The first machine is often the best place to decide the shape of the work even if it is not the best place to execute every stage.

2. Move execution to the machine that matches the work

Once the plan is sound, run the heavier implementation or verification work on the workstation or dev server that actually fits the task.

Do not ask the laptop to be a dev server just because the session began there.

3. Keep the same workflow contract

Do not silently drop checkpoints because the work moved.

If the plan required approval on the laptop, it still requires approval after the agent is running on the other machine. If verification is part of done, it is still part of done. Multi-machine execution should not become an excuse for a weaker process.

4. Keep supervision reachable

This is the part teams underweight.

A long-running session is only as useful as your ability to inspect it and intervene when it reaches a meaningful branch point. If the only way to check on the agent is to sit back down in front of the original terminal, you have a fragile setup.

Pair the mobile app so you can monitor progress and respond to approval requests from your phone. That is what prevents a session on the dev server from turning into a black box while you are away from the desk.

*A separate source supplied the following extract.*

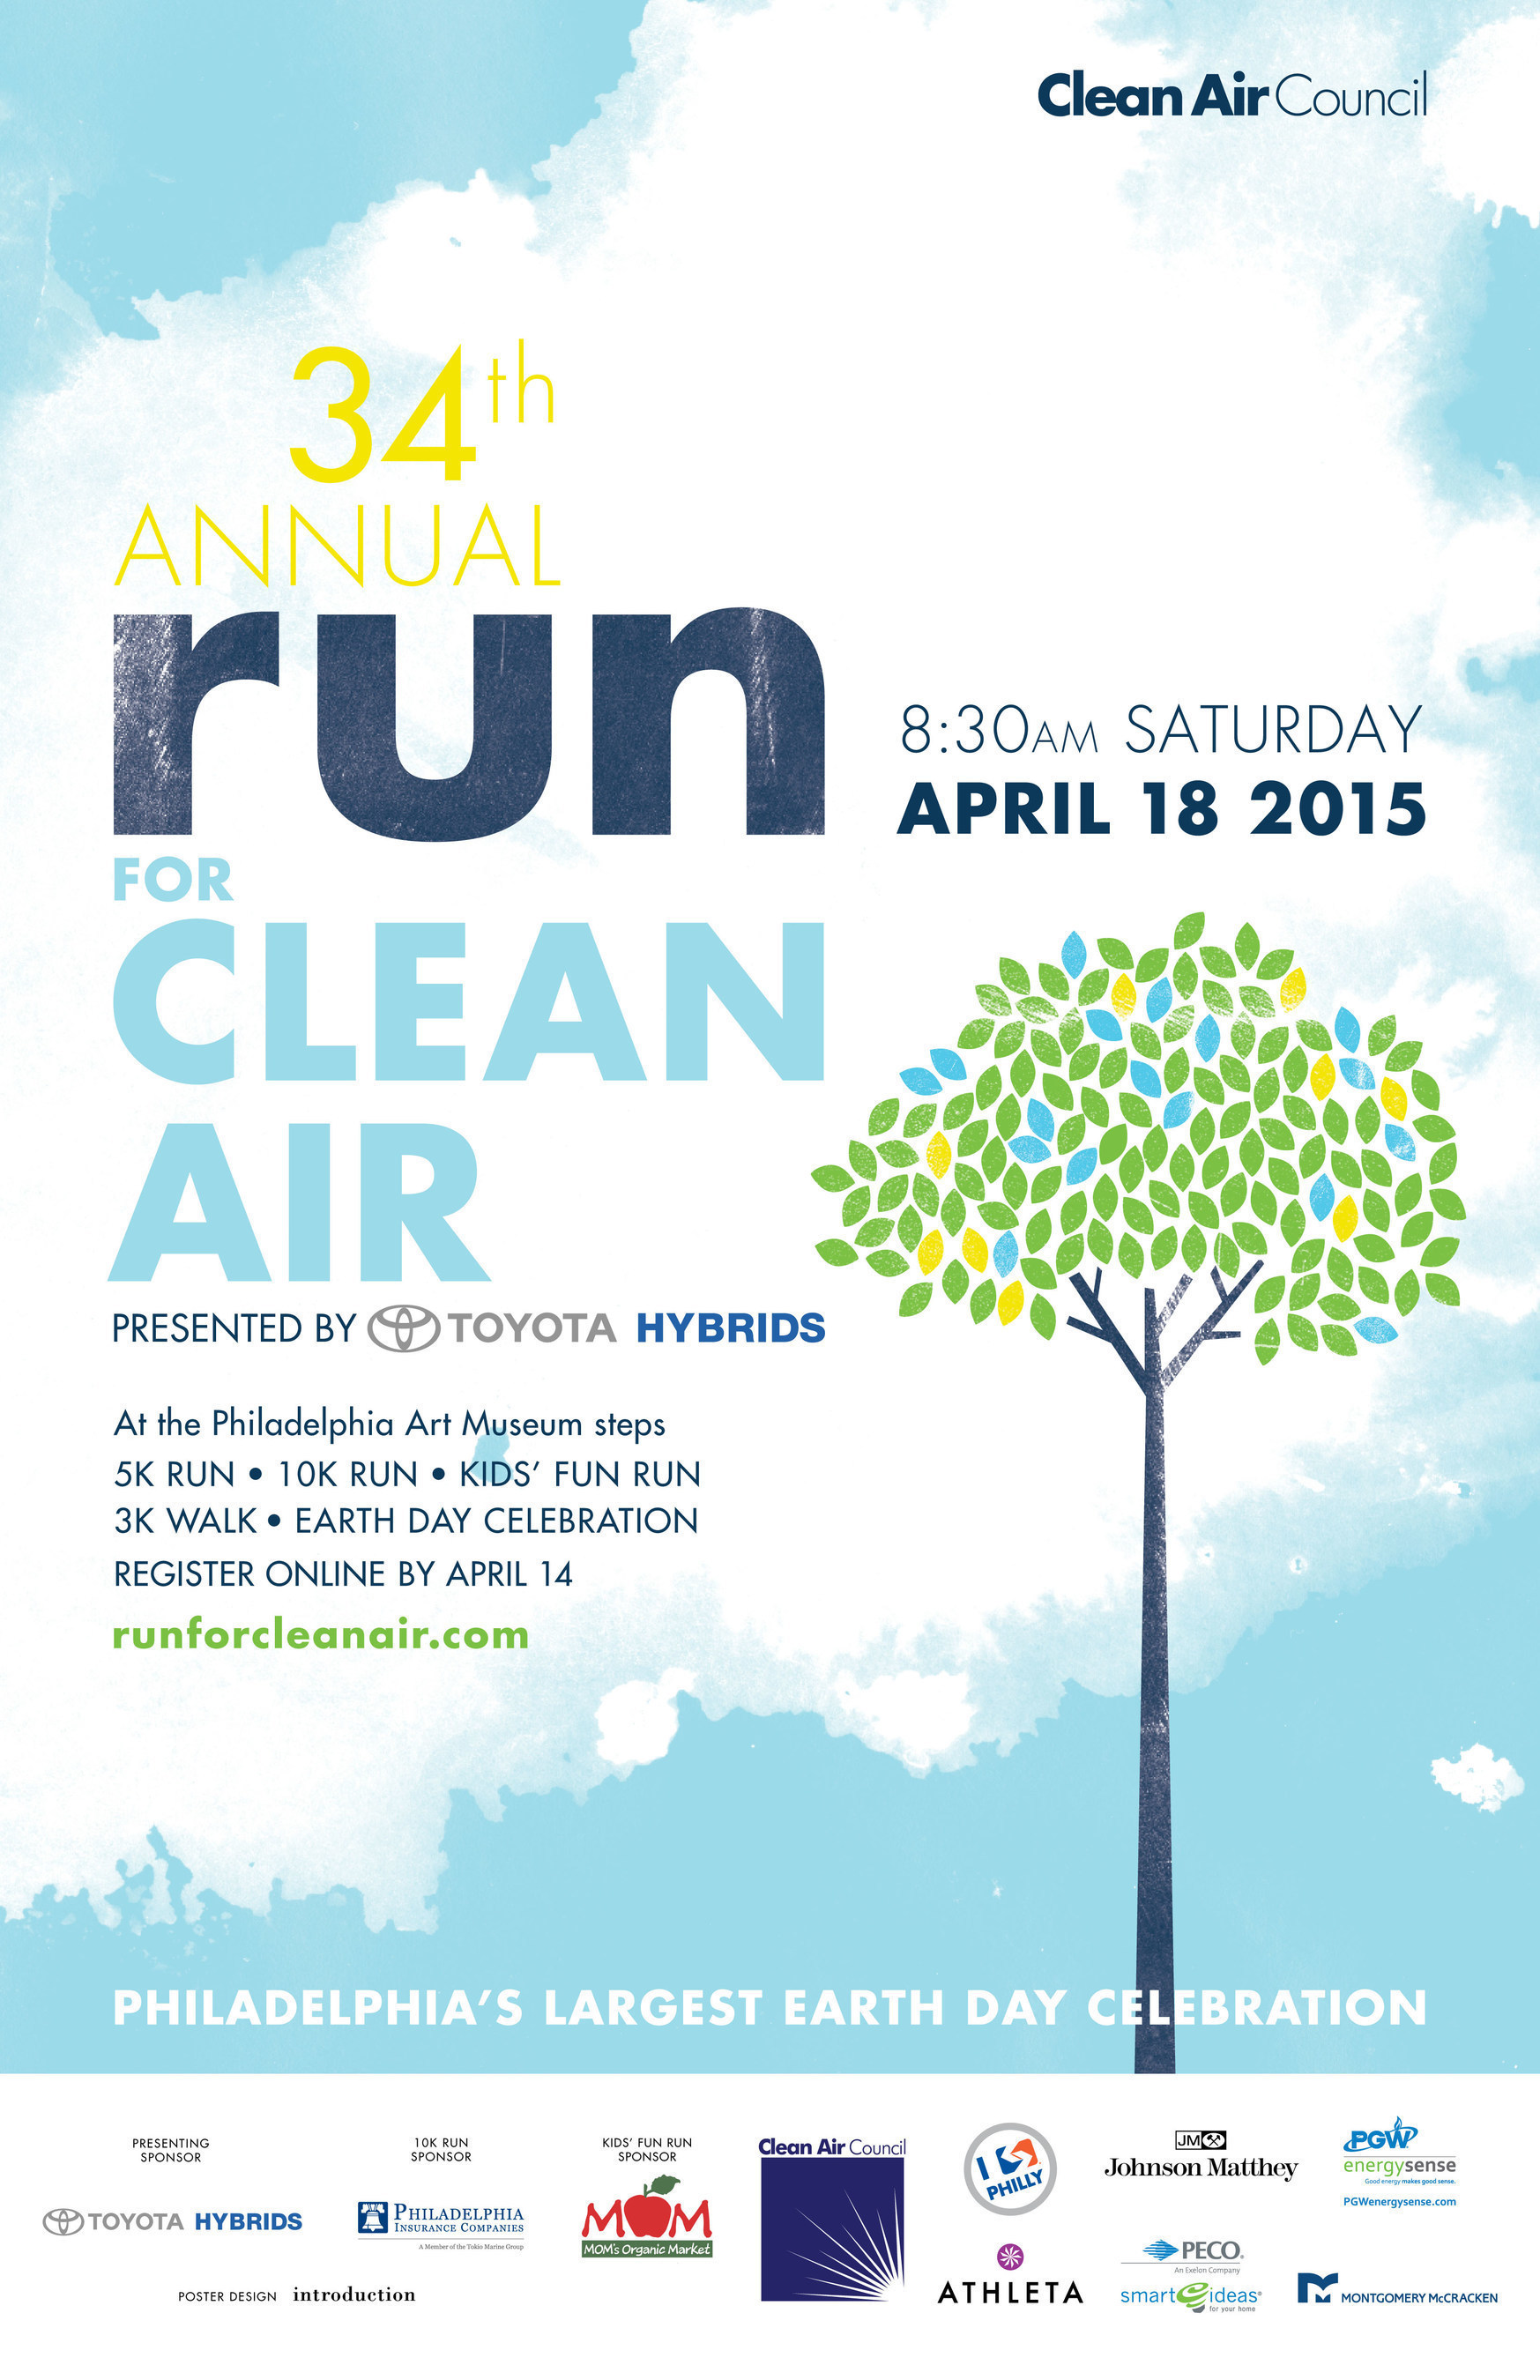 Thousands Celebrate Earth Day and Run for Clean Air in Philadelphia

If you have not added a second machine yet, see how to pair MuxAgent on a second machine without friction for the step-by-step process.

5. Bring back proof, not just claims

When the task returns from the other machine, what matters is not “the agent said it is done.” What matters is that the outputs are reviewable:

  • plan artifacts,
  • implementation summary,
  • verification results,
  • and the relevant build or test evidence.

Machine changes should not weaken the evidence chain.

Multi-machine does not mean multi-everything

There is a bad version of this pattern too.

It looks like:

  • one branch edited from three machines without clear ownership,
  • ad hoc approvals in chat,
  • a laptop transcript that no longer matches the server state,
  • and a vague sense that the agent is “working somewhere.”

That is not continuity. That is distributed confusion.

Good multi-machine operation is narrower than that.

Pick one machine as the execution surface for the current stage. Keep one workflow graph as the source of truth. Keep the checkpoints explicit. Keep the control surface reachable. Keep the outputs inspectable.

The goal is not to maximize how many machines are involved. The goal is to make machine boundaries stop being a reason for agent work to stall, drift, or become harder to supervise.

The point is continuity, not novelty

The reason multi-machine support matters is not that it sounds advanced. It is that real engineering work does not happen in one chair, on one computer, during one uninterrupted sitting.

You notice issues on a laptop. You run heavy work elsewhere. You leave your desk. You come back. A plan needs approval. Verification fails on the machine with the right environment, not the one nearest your hands. Priorities change while the agent is still active.

That is the normal shape of modern work.

Once you accept that, the right question is no longer “How autonomous is the model?” The right question is “Can the workflow survive the fact that the work and the operator move independently?”

That is what a serious multi-machine setup gives you:

  • the right machine for each stage,
  • the same workflow graph across environments,
  • reachable supervision,
  • and continuity when the work outlives the original terminal.

That is not an edge case. It is the operating model AI coding agents need if they are going to keep being useful after the demo wears off.